Tuesday, 29 October 2019

29/10: Another CP portrait

We've had our two grand-daughters staying here during half term school holidays so that's been full on and given me no time for art or blogging.

We're off to India on Thursday evening so I've been busy going over our itinerary and fine-tuning it - noting lots of places to visit/things to see - time and weather conditions permitting.

We travel totally independently booking our own flights and hotels so its hard work putting together the itinerary ensuring we're in specific places on specific days/dates so as to maximise our experience.

We usually travel to India early in the year - Jan to March but are breaking with tradition in order to experience some ceremonies that occur in November (The camel/horse fair at Pushkar - near Jaipur, and Dev Dewali at the River Ganges at Varanasi).   We're staying in the North of India this trip and not tagging on a South Indian tour.

Anyway, as always, I intend to keep a blog doing daily posts about our experiences so if anybody is interested the link is: 


Whilst we are away my younger brother will stay at our house and decorate the hall/stairs and landing so we've had to take down window blinds, wall-hangings, mirrors etc., and clear out all the hallway sideboards/cupboards so he can shift furniture on his own.    Its been a busy period.

In the meantime I started another coloured pencil portrait of the co-owner of a bar in Corralejo, Fuerteventura (our second home).  

I decided to go back to basics and work on Fabriano Artistico white watercolour paper for this one and use dry watercolour pencils with very sharp points to just keep adding loads of very light layers - I think I'm up to about 20 layers of varying colours to get the skin tones right .     When I first started drawing human portraits in coloured pencils I followed the tutorials of an American artist.  Sadly I can't remember his name and I can't find recent work by him on a Google search.   He used cross-hatching initially with very delicate strokes to stain the papers.   Pencils had to be ultra sharp and after every couple of layers he lifted some colour gently with Blu Tack or putty and then smoothed the pencil with a tissue and kept repeating these steps.   I think he expected to use 50 or more layers of colour building up very slowly.   It is very time consuming though.

The original ref photo is taken against a dark background and she has quite a tan/glow.   Halfway through this I really regretted my choice of paper - my last cp piece done on tinted mountboard went so quickly as the paper colour greatly reduced the numbers of pencil layers I needed.     

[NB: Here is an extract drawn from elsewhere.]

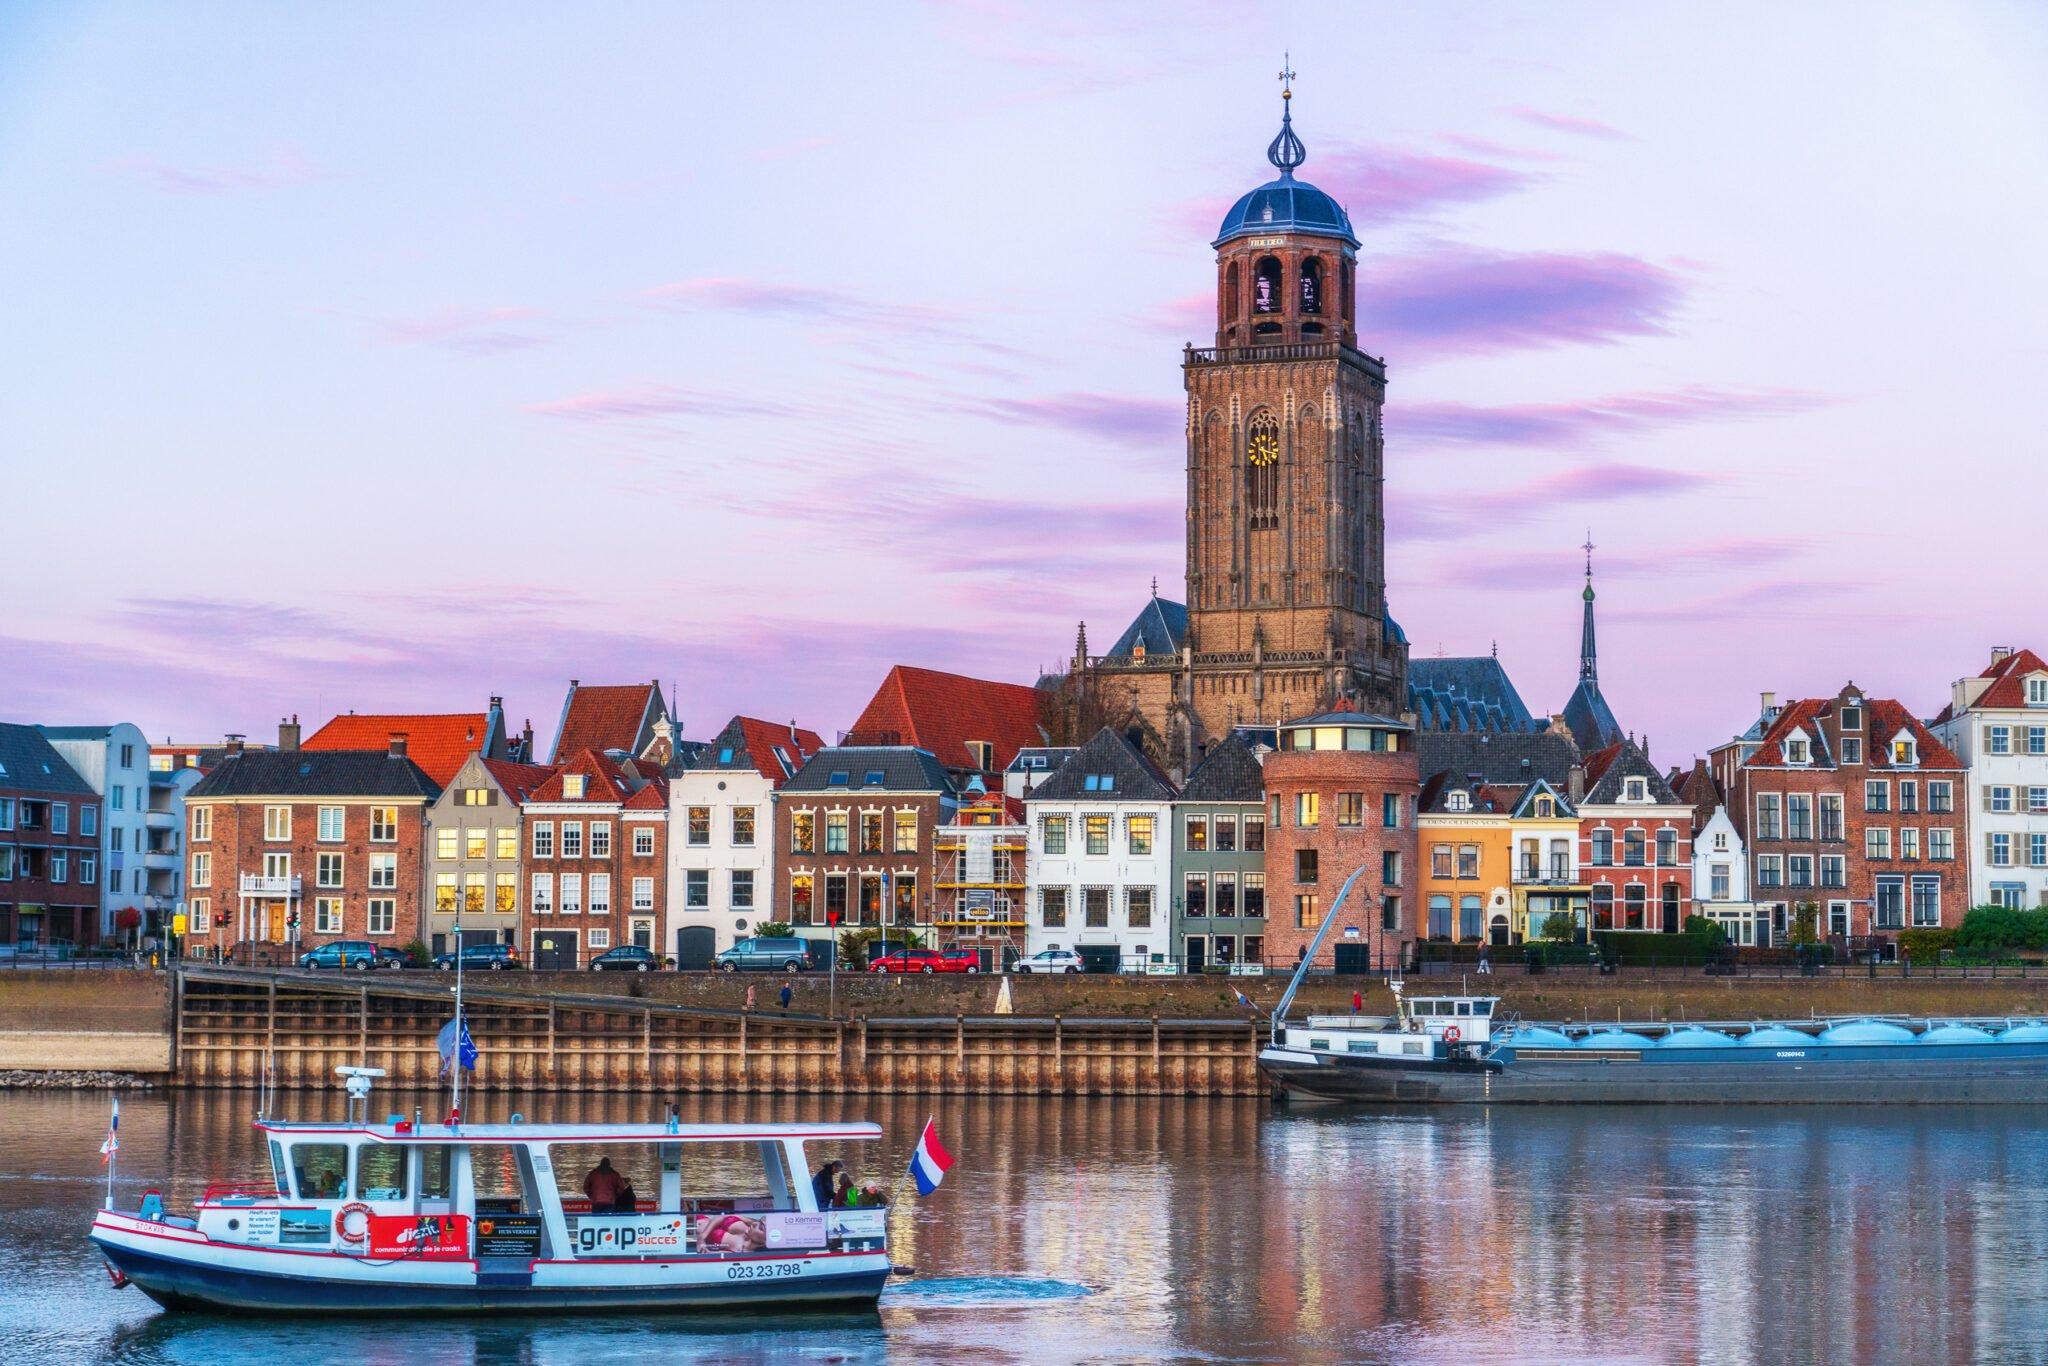 skyline-Deventer-bart ros

I also didn't think through the fact that this lady is wearing a headress/fascinator with pale coloured flowerbuds and creamy/white pearls so a darker background would have shown them off better.     Having got this far, I'll persevere and see how it ends up - then I'll probably dash out and buy some mountboard and do another version in a fraction of the time!

Anyway.    These are the first 2 progress pictures - I won't have time to do any more work on it till we're back from India so its being added to the list of ever-growing 'not yet finished' pictures in my studio.

The photos are poor as the light was bad when I took them - the paper is white but looks dingy/grey in these.     I'll try to take the next photos in proper daylight.

First WIP

and the 2nd WIP after a couple of hours working on it this afternoon

1 comment:

  1. A beautiful work in progress portrait, Sue! I really look forward to seeing this finished. I, as well have problems getting the right color when taking a photo....
    Enjoy your trip to India and will be following you on your link. I hope you know how I envy you....just thinking of all the reference photos!!! WOW.